If your argument can take a <hole> (missing parameter), then there can't be a newline on anything that would act as a parameter to it.

>> map-each n [1 2 3] [
       continue
       comment "not legal"
   ]
** PANIC: value is a <hole> param of continue and can't span a newline

Simple and effective.

It's nice to have CONTINUE back as able to pass values without an ugly :WITH.

>> map-each 'x [1 2000 3000] [
       if x > 1000 [continue <big>]
       x + 1
   ]
== [2 <big> <big>]

But CONTINUE as "THROW-TO-LOOP" Kind of... Sucks

Maybe it's more efficient implementation-wise. But the behavior is surprising:

 >> for-each x [1 2 3 4] [
       continue: cache [
            print "Caching!"
            adapt continue/ [print "Continuing!"]
       ]
       print ["X is" x]
       if x = 3 [break]
    ]
Caching!
X is 1
X is 2
X is 3
Continuing!  ; <-- but... I said BREAK, not CONTINUE
== \~null~\  ; antiform (logic!)

(That's a super-keen use of CACHE, by the way... to only do the specialization once!)

Maybe CONTINUE* Is The Better Bet...

It's a good observation that "If CONTINUE takes ~(veto)~ and ~(retry)~, then it can act as BREAK or AGAIN"

  for-each ... [
      ...
      continue case [
          condition1 []  ; act like continue, no arg
          condition2 [print "Continuing with 10" 10]
          condition3 [print "Going again..." ~(retry)~]
          condition4 [print "Breaking!" ~(veto)~]
      ]
      ...
  ]

That's very neat. But I think BREAK and AGAIN need to be separate entry points for overriding.

However... it does seem to me that being able to globally say what things like RETURN or BREAK or CONTINUE mean in a larger scope is a killer feature.

Killer enough to say that if you want to override in a local sense, you use LET to set up that scope and get a new variable.

This splits overriding such things into some strata...

The global RETURN would be an argument-taking macro, which delegated to whatever the current definition of RETURN* was that is in effect...something equivalent to:

return: inliner [^value] [spread compose '[return* (lift ^value)]]
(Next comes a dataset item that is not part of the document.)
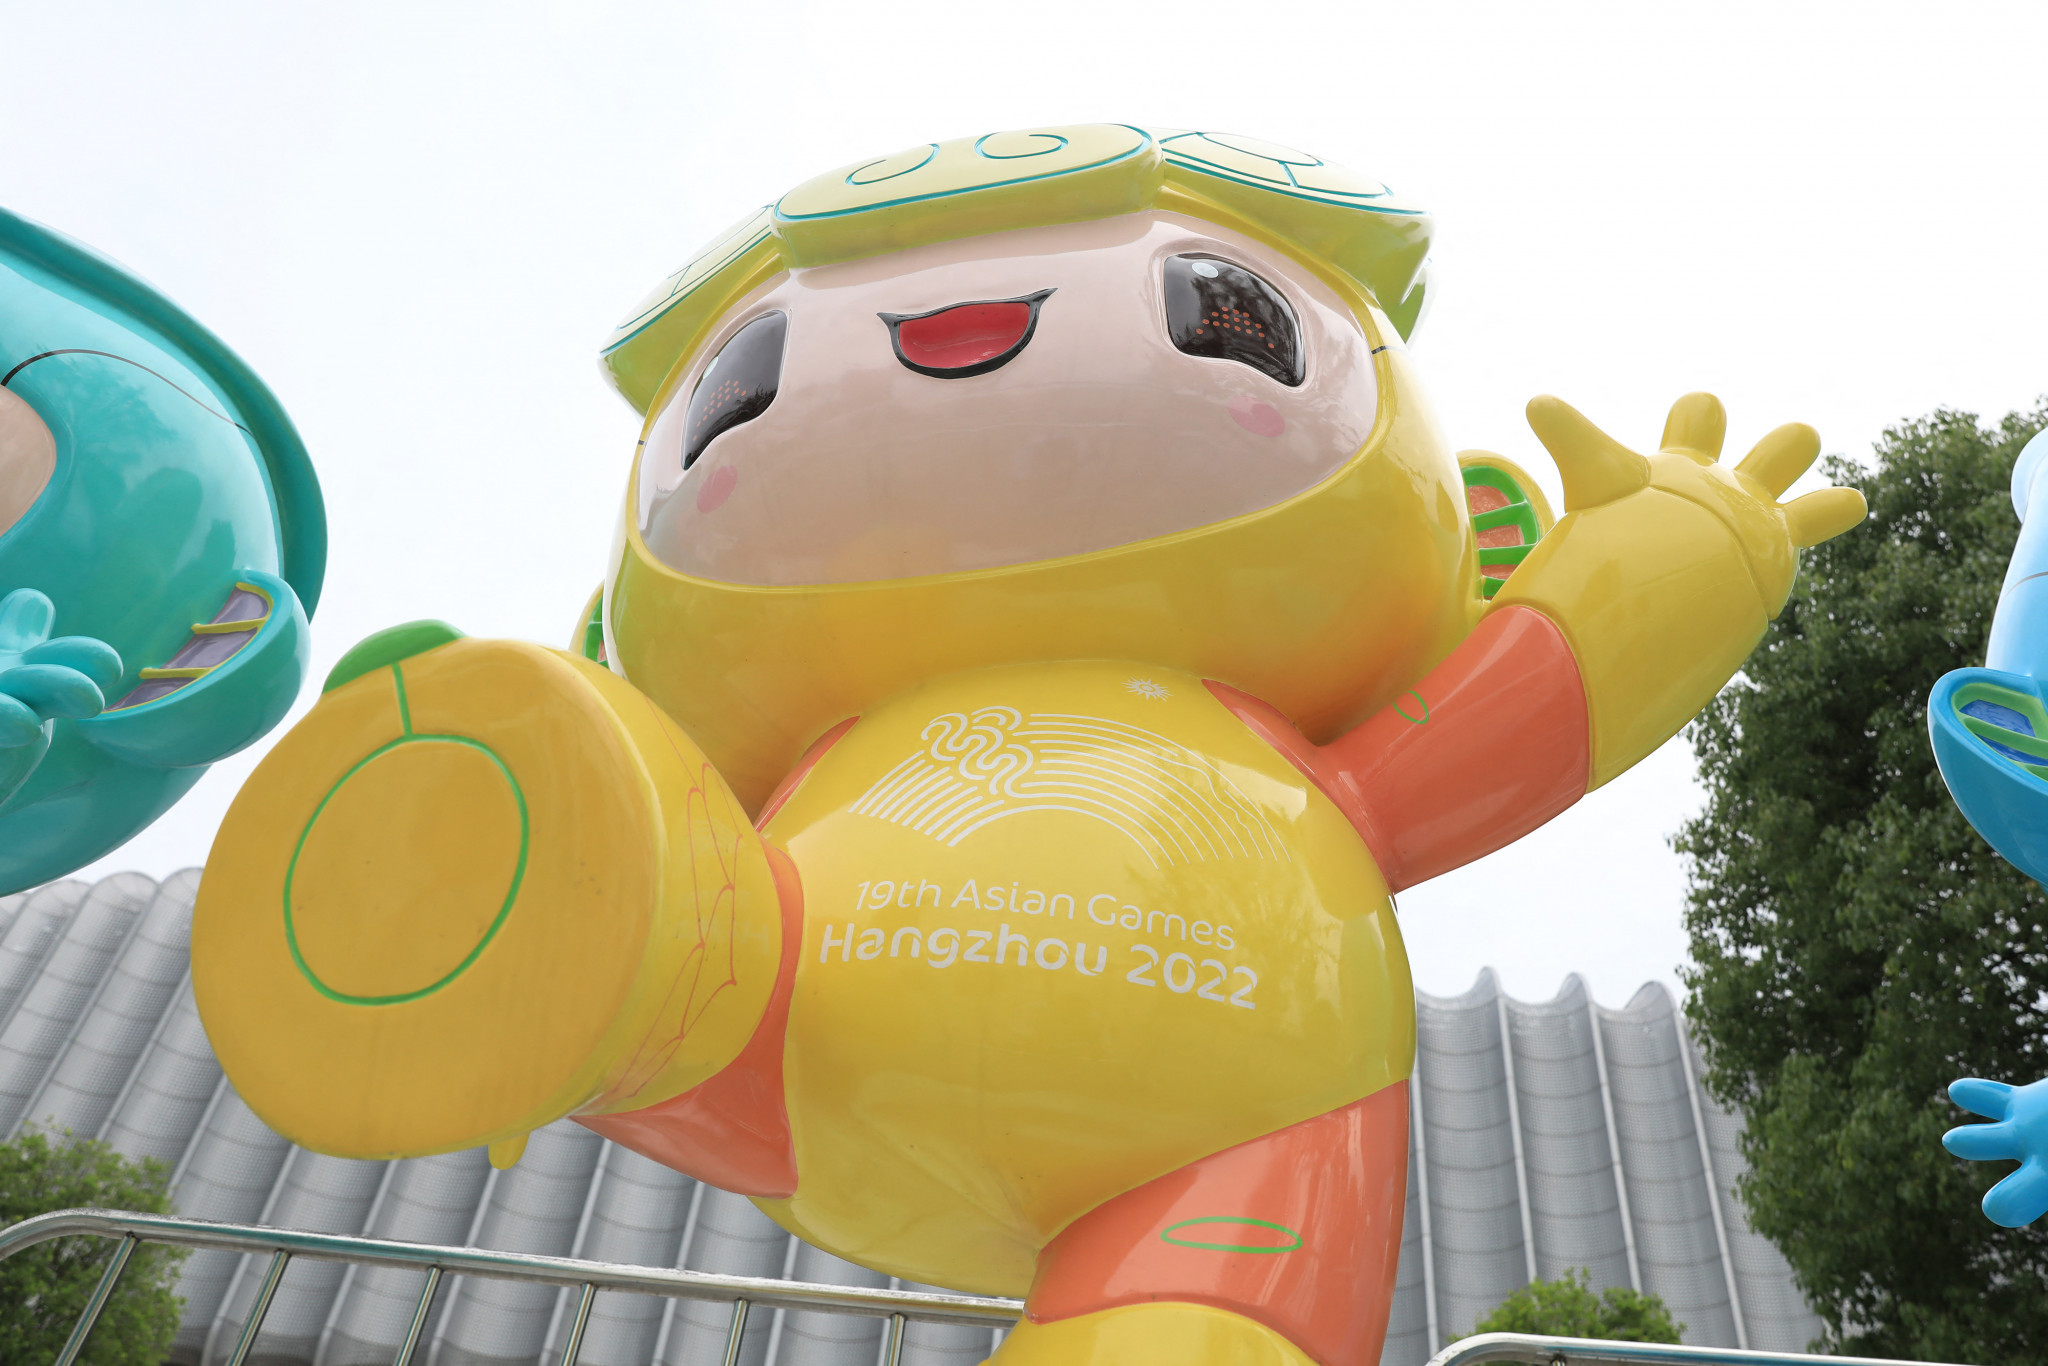 OCA promises series of events for athletes after Hangzhou 2022 postponement

So we're splicing in an unbound RETURN* and a quoted/quasi form of the value we got. The quoted/quasi lifted form won't pick up any binding (because dropping the quote or quasi in the evaluator doesn't manipulate binding...well the quasi would get rid of it if it had any.)

Then if you wanted to override this, you could tune that however you wished. Suddenly all the RETURN you have in a module for every function can get a feature.

Where you might start getting confused with this approach would be if you have nested functions, and you didn't want to affect them:

foo: func [x] [
    let return: adapt return/ [
        value: value + 10
    ]
    let bar: func [y] [
        return y
    ]
    return bar x
]

Is the result intuitive or counter-intuitive?

>> foo 1000
== 1020

If that wasn't what you wanted, you needed to know to adjust RETURN*... not RETURN. And you don't have to use a LET:

foo: func [x] [
    return*: adapt return*/ [
        value: value + 4
    ]
    let bar: func [y] [
        return y
    ]
    return bar x
]

>> foo 300
== 304

It's new. But I think the super-power of redefining RETURN for scopes is so compelling that I've kinda gotta do it this way.

CONTINUE, BREAK, and AGAIN are all macros

And if you wish, you can declare loop-body-local implementations, that redefine the CONTINUE, BREAK, or AGAIN... or you can just manipulate the specific loop's behaviors.

I don't think we need a BREAK*, and AGAIN* per-loop. These can all be in terms of CONTINUE*... if you're going low-level, you're as likely to want to adjust all three at once as you are to want to do any one of them.

It's Pretty Amazing All Of This Actually Works

:exploding_head:

Not sure how people aren't going to be impressed.